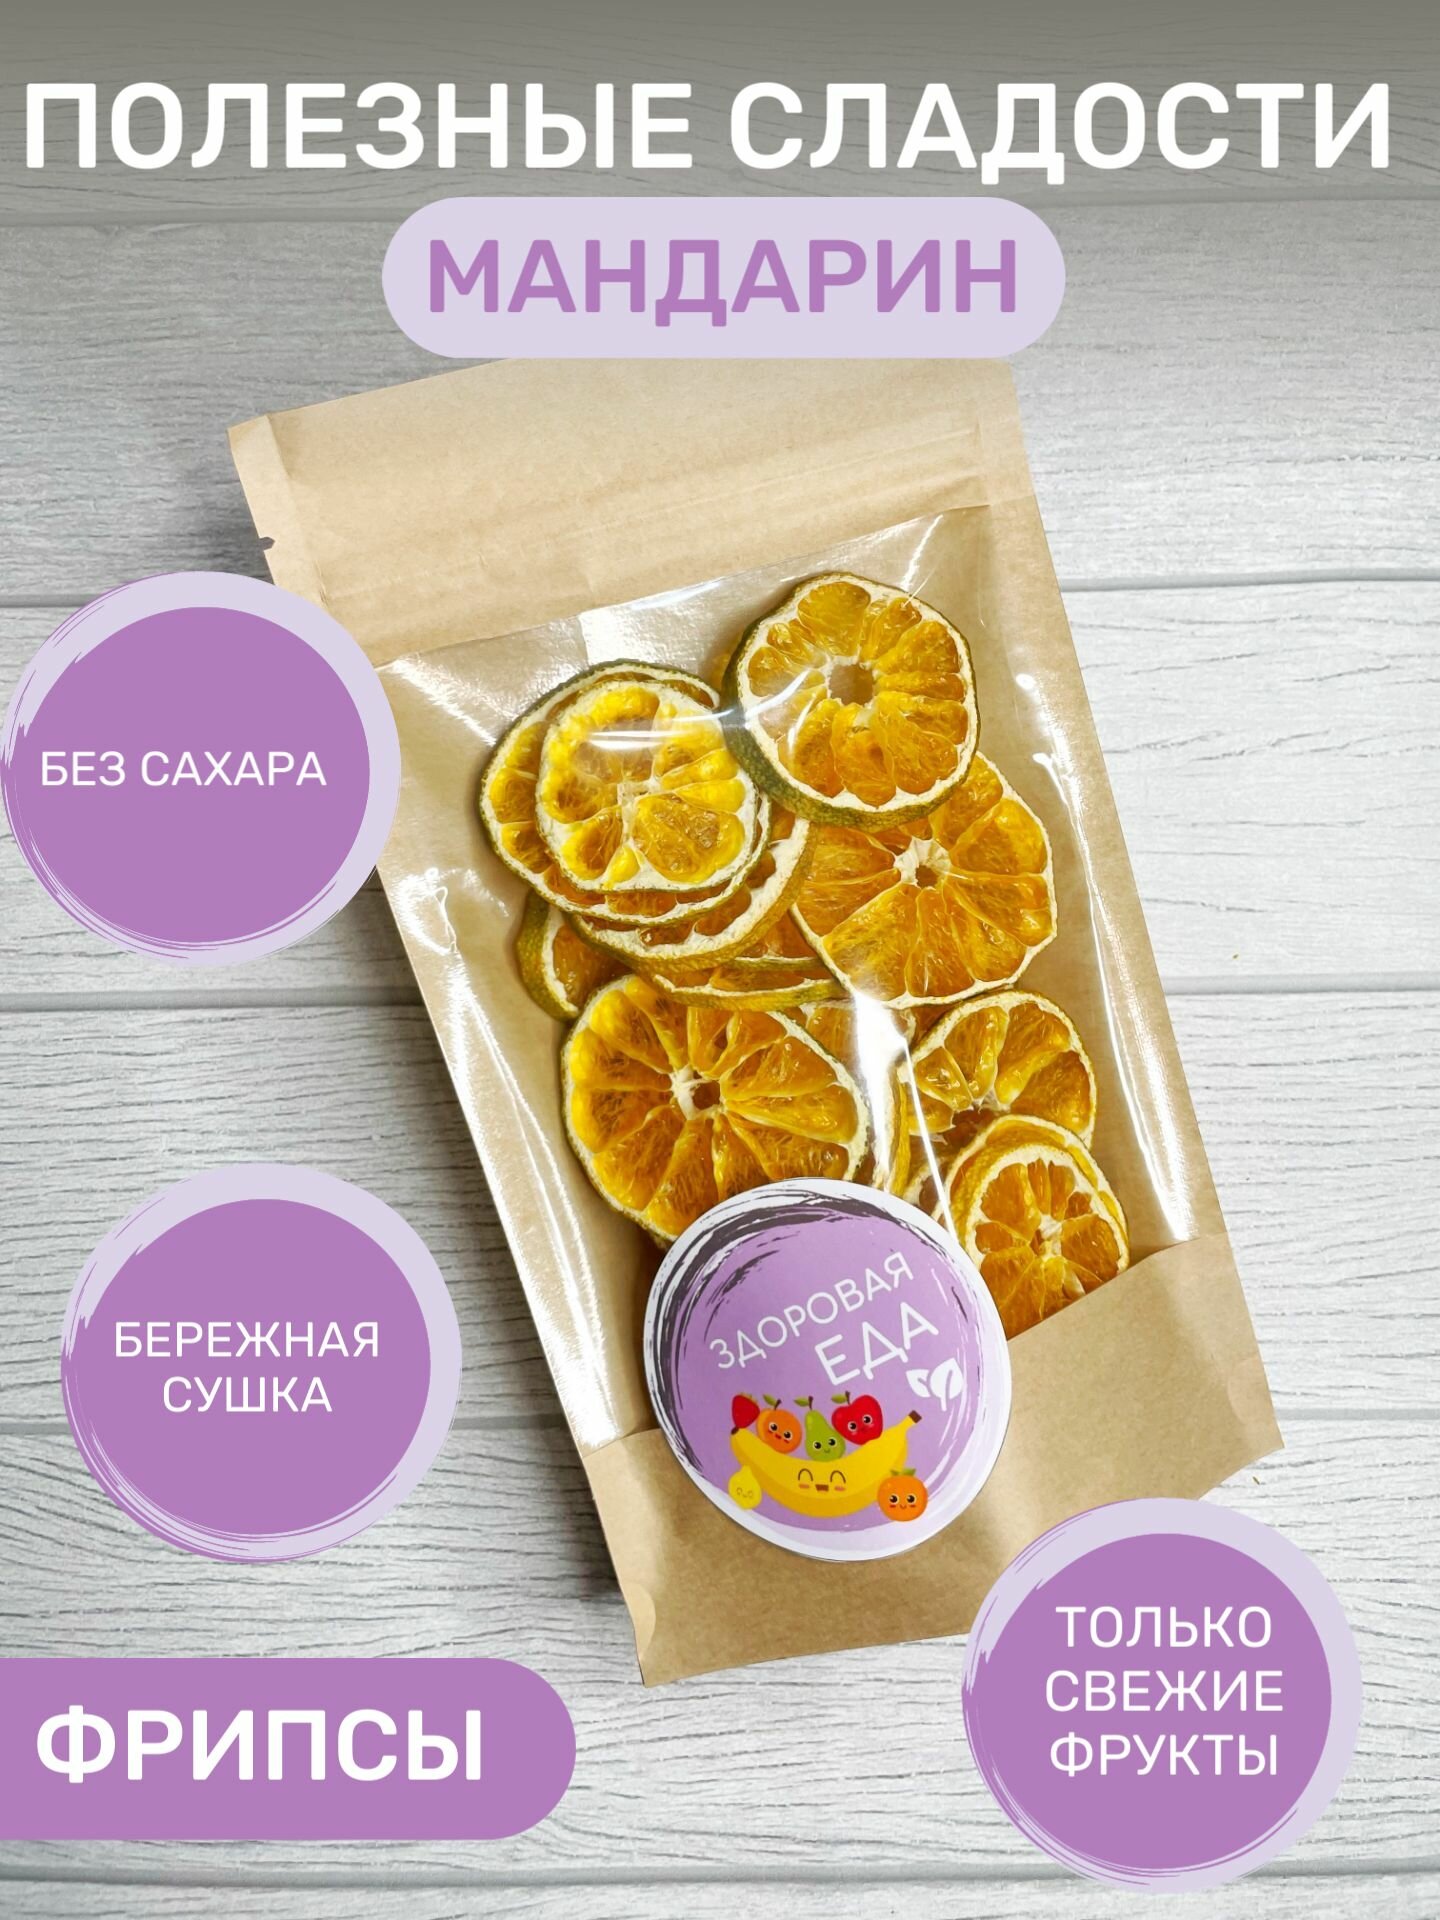 Сушеный мандарин, фруктовые чипсы из мандарина(фрипсы) 65 грамм
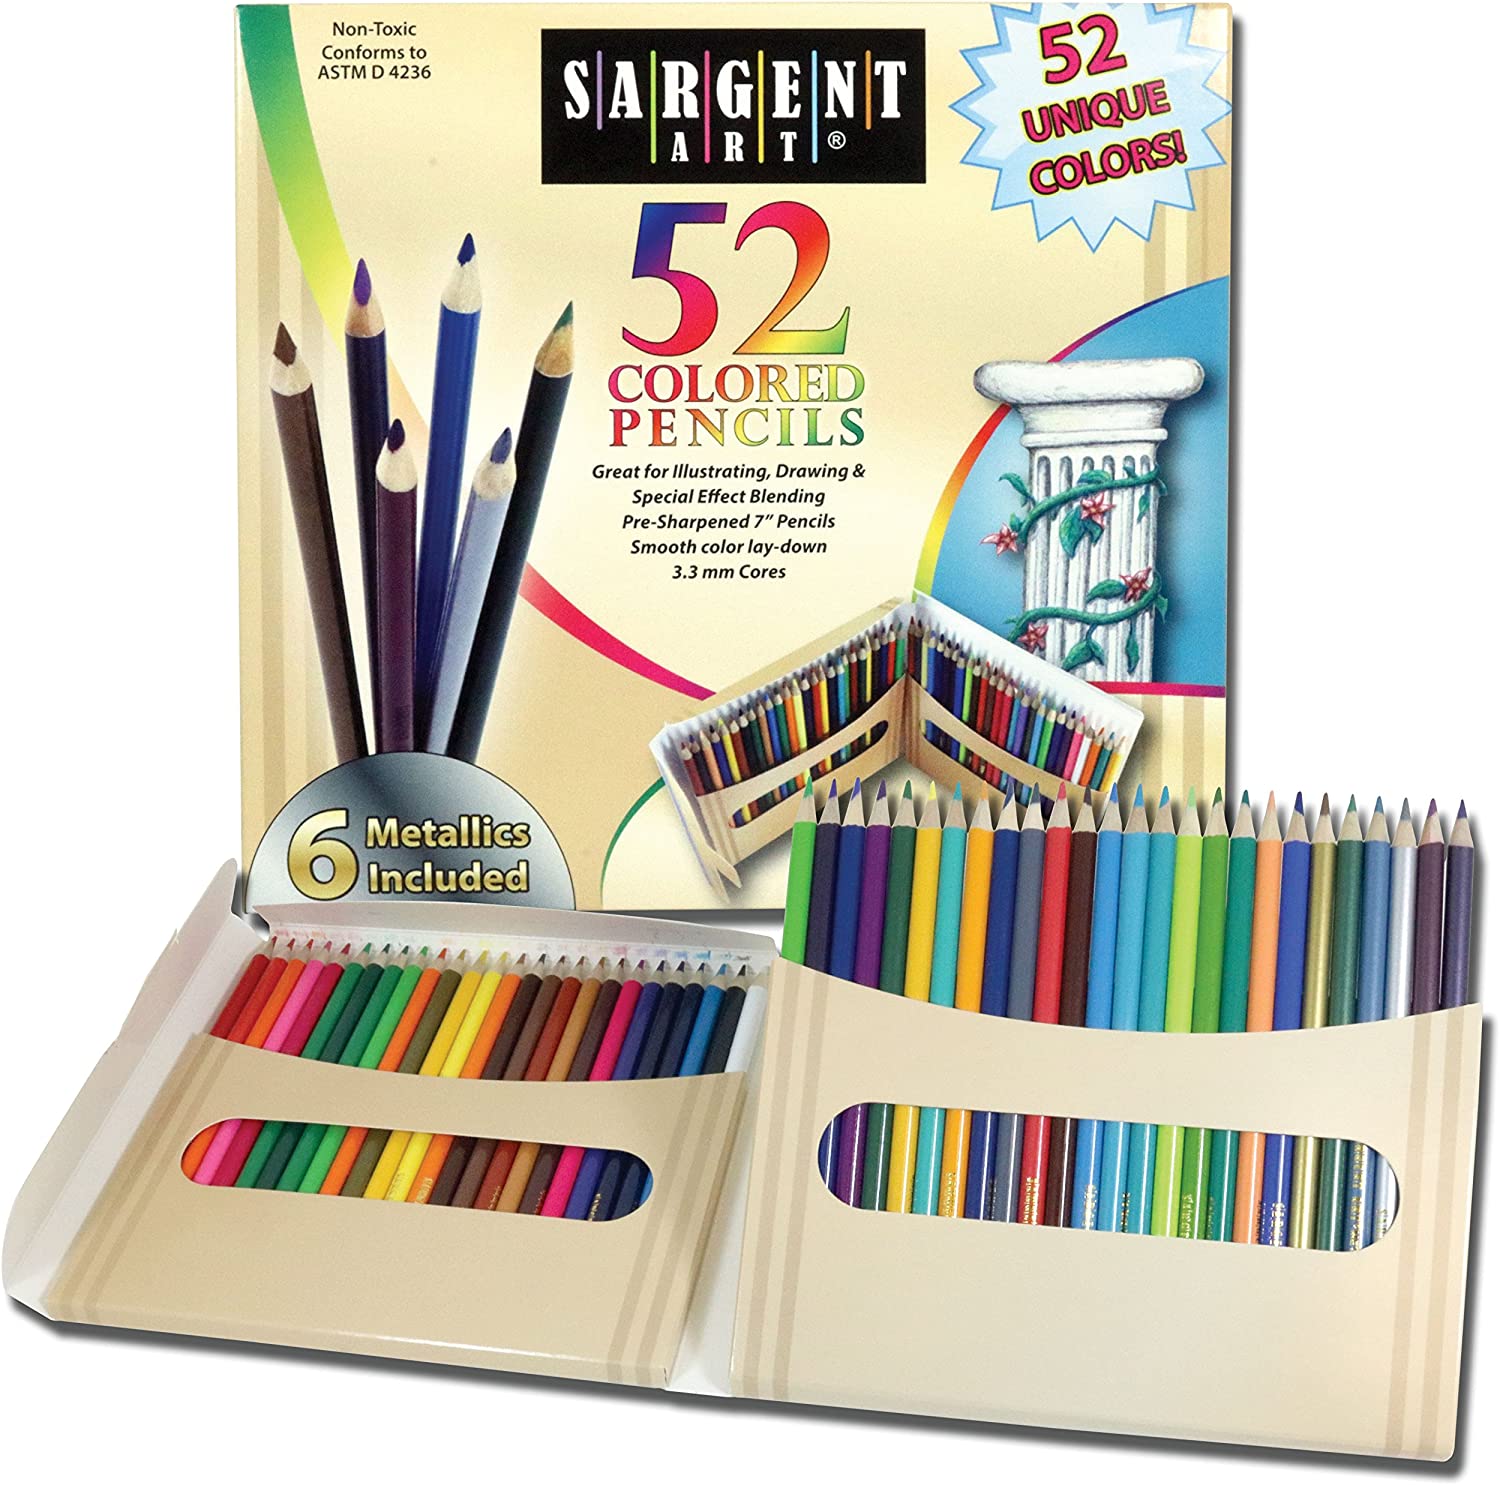  CHENGU 48 Pcs Rainbow Colored Pencils, 7 Color in 1
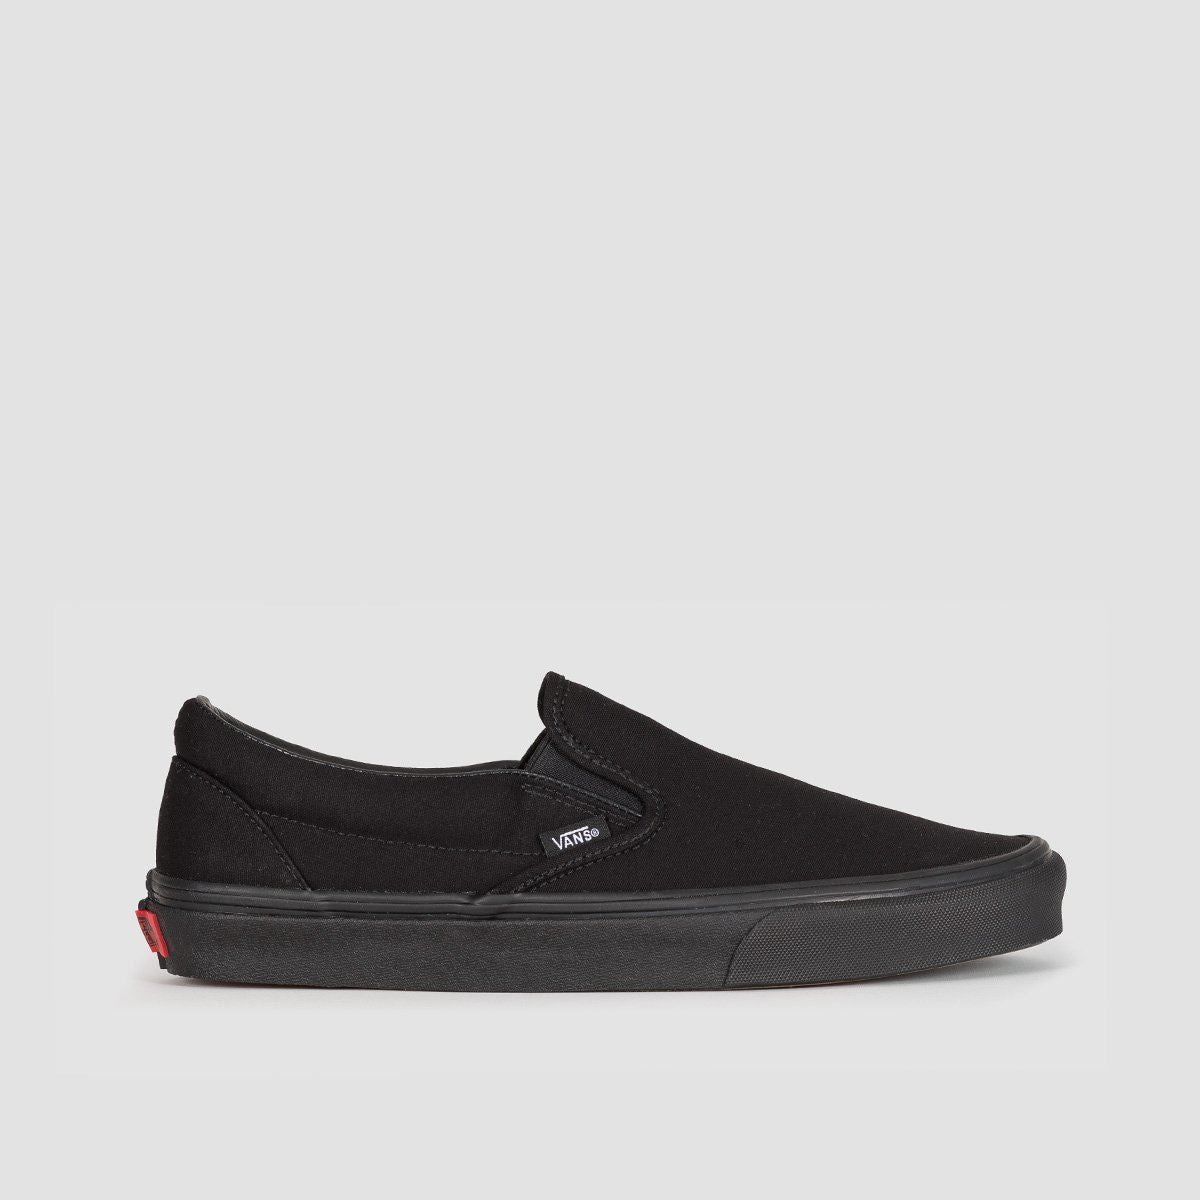 Vans Classic Slip-On Shoes - Black/Black

::::::::::

__Exercise requirements__
Quote the material exactly. Pictures stay out.

__Response for this exercise__
 Сушеный мандарин, фруктовые чипсы из мандарина(фрипсы) 65 грамм
  CHENGU 48 Pcs Rainbow Colored Pencils, 7 Color in 1
 Vans Classic Slip-On Shoes - Black/Black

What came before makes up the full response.